The Energy Volatility Program is a systematic Volatility hedged option program guided by a proprietary trading model developed to trade the CME/NYMEX Energy futures volatility and designed to anticipate when the market is in or about to enter a turbulent time. The Energy Volatility Program uses a proprietary options strategy, which includes options selling and options writing, to capitalize on the systematic entry signals produced by the program. Long option hedging is systematically designed to anticipate when the market is in or about to enter a turbulent time. While the hedging is intended to implement adequate risk measures, if an account does not meet the minimum account size requirement of $100,000 for this program, it is likely BGA will not be able to properly hedge or hedge at all in the account, thus exposing the account to large gains and losses compared to other accounts that were able to be hedged.

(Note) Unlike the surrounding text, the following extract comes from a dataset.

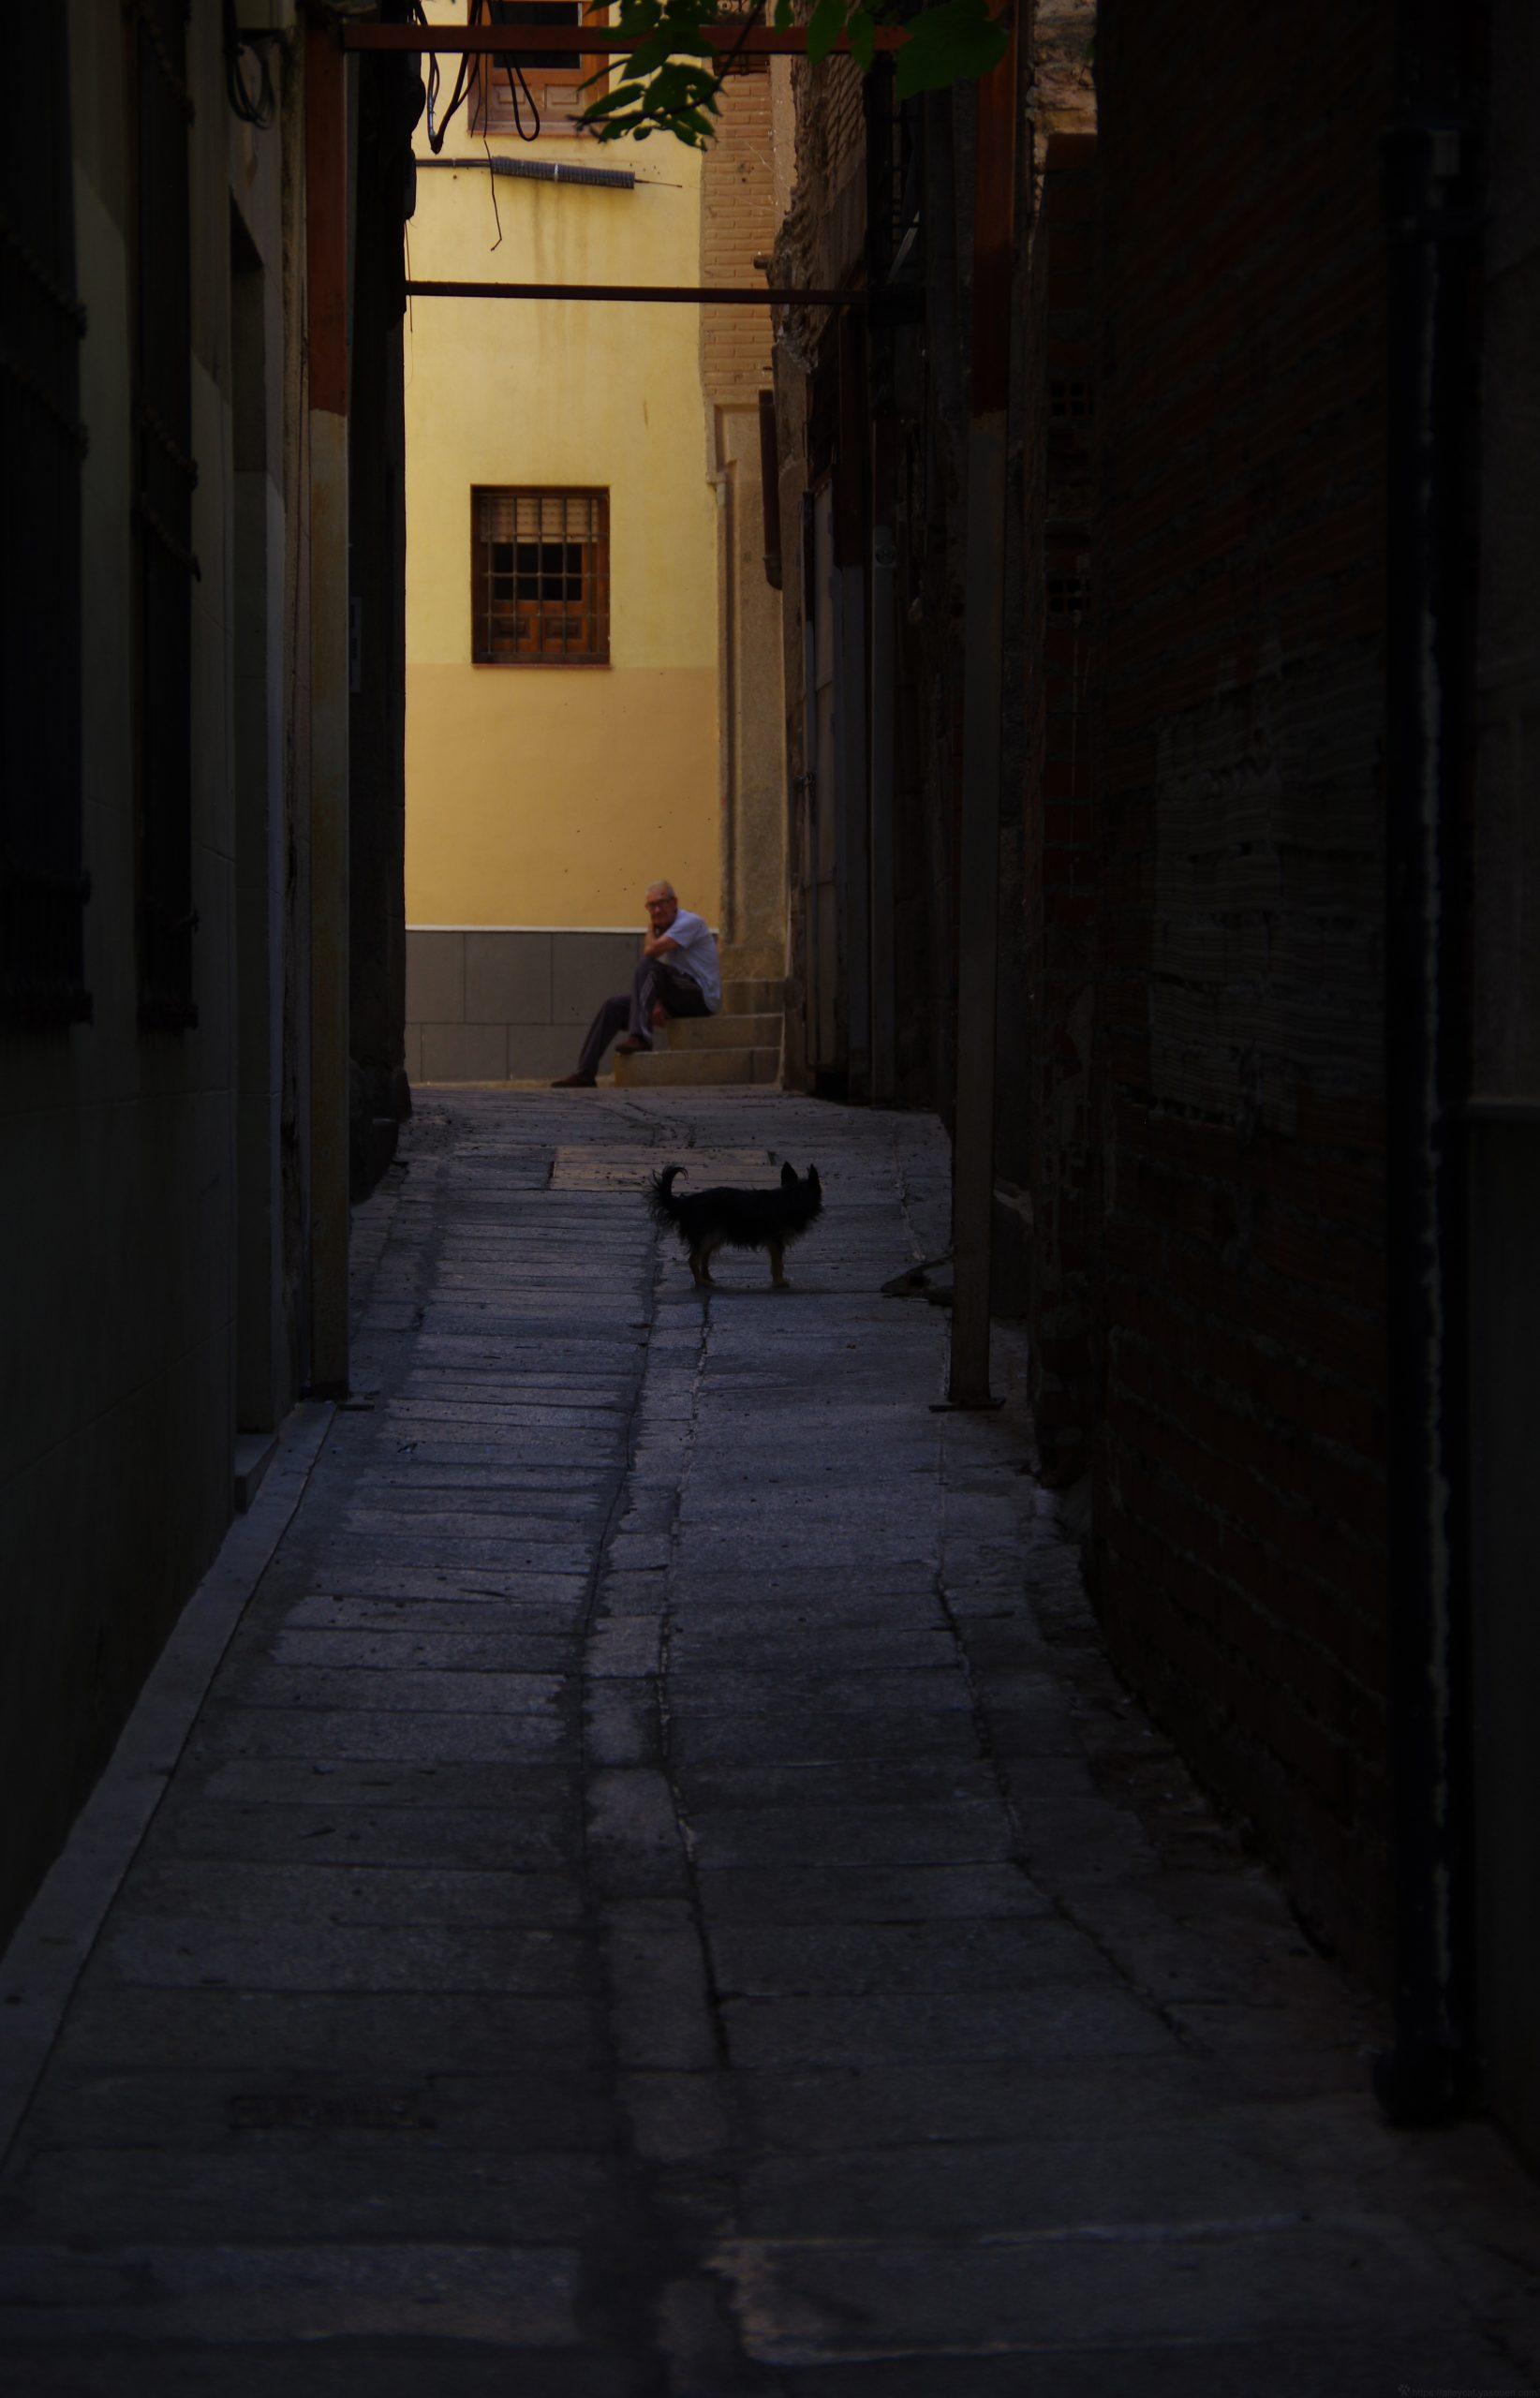 Toledo, Spain, 2017

The Energy Volatility Program has been refined to achieve the desired returns while limiting account drawdowns. Products traded in the Energy Volatility Program are crude futures and options and natural gas futures and options. BGA may not trade these two energy contracts at the same time and it may be possible that only one may be traded for a duration of time.
The Energy Volatility Program focuses on short duration energy derivatives - the option expires within 30 days, because the time decay is the greatest in those final days. It does this primarily by identifying the option strikes with best risk/reward ratio.